En région lyonnaise, décrocher un terrain pour s’implanter tient parfois de la course de fond. Rareté du foncier disponible, prix en hausse, concurrence entre usages résidentiels et économiques, exigences environnementales accrues : les dirigeants d'entreprise évoquent un "mur foncier" qui freine projets d’extension et nouvelles implantations.
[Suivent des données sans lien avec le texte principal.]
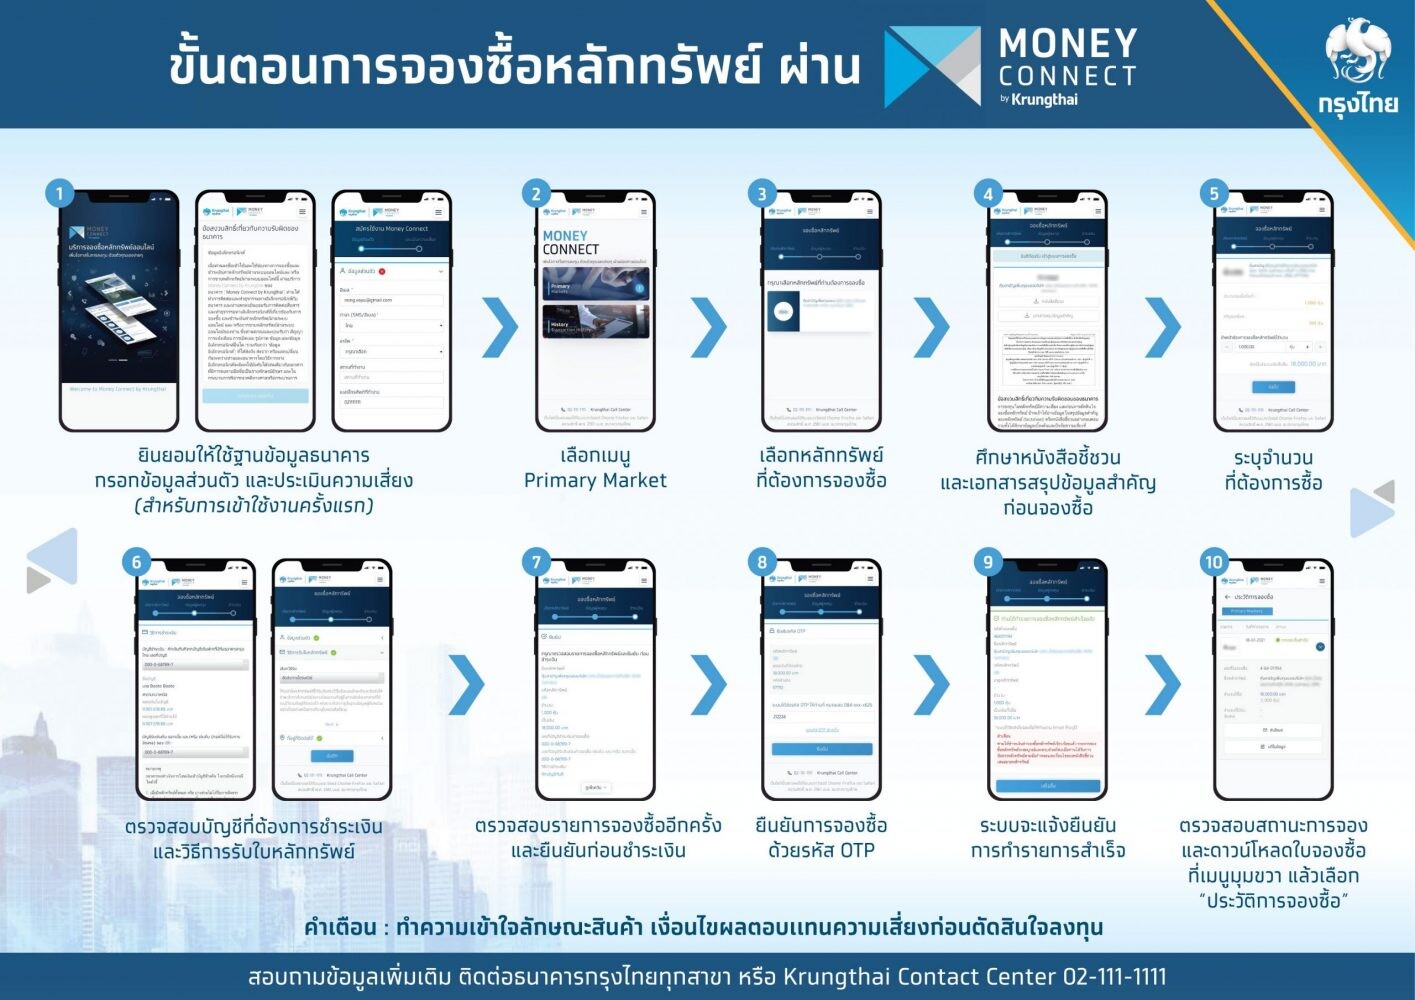 จองหุ้น OR ผ่านกรุงไทย "ง่ายนิดเดียว" ลูกค้าใหม่ไปสาขา ลูกค้าเดิมทำผ่าน Money Connect

Dans ce contexte tendu, la Métropole de Lyon a décidé d’activer tous les leviers à sa disposition. Lors de sa dernière commission permanente, elle a voté la cession d’un peu plus de 115 000 m² de foncier économique, répartis sur plusieurs communes stratégiques (Feyzin, Chassieu, Corbas, Vaulx-en-Velin et Lyon 8ᵉ). Objectif : maintenir l’activité productive sur le territoire et soutenir la réindustrialisation, tout en respectant la trajectoire de Zéro Artificialisation Nette (ZAN). Suite à des appels à manifestation d’intérêt, plusieurs projets structurants vont ainsi pouvoir être engagés.
Concilier activité économique et environnement
Premier exemple à Chassieu où le groupe de distribution de produits alimentaires pour les métiers de bouche France Frais, via sa filiale MLC, cherchait à relocaliser son activité aujourd’hui implantée à Feyzin et à regrouper ses équipes sur un site unique, avec le transfert du siège de la maison mère. Après identification de deux parcelles adaptées, la Métropole a autorisé le dépôt des permis et accompagné la conception du projet, notamment sur le plan environnemental. Environ 80 000 m² doivent permettre la création d’une base logistique agroalimentaire moderne, conçue pour rationaliser les flux et consolider l’ancrage local du groupe.
À Vaulx-en-Velin, c’est l’industriel du recyclage et de la valorisation Suez qui bénéficie d’un appui foncier. Dans le cadre de son projet Cap Valo 69, l’entreprise souhaitait moderniser et développer son outil industriel. La collectivité lui cède neuf parcelles voisines, soit 18 000 m² supplémentaires. En parallèle, le foncier libéré sera remobilisé pour accueillir de nouvelles activités, illustrant une logique de recyclage urbain plutôt que d’extension sur des terres vierges.
Distribution, recyclage et industrie
Même logique à Corbas avec Tecofi (70 M€ de CA en 2025 ; 250 salariés). Le spécialiste de la robinetterie industrielle prévoit la construction d’un ensemble de 16 000 m² dans la zone du Carreau afin de rapatrier une production aujourd’hui dispersée à l’international. À la clé : une cinquantaine d’emplois d’ici 2030.
Au-delà des mètres carrés cédés, c’est une méthode qui se dessine : appels à manifestation d’intérêt, anticipation des besoins des filières prioritaires, remise sur le marché de friches ou de parcelles sous-optimisées. Une stratégie offensive pour desserrer l’étau foncier et envoyer un signal clair aux acteurs économiques : en région lyonnaise, l’industrie a encore sa place, à condition de la bâtir sur du foncier intelligemment libéré.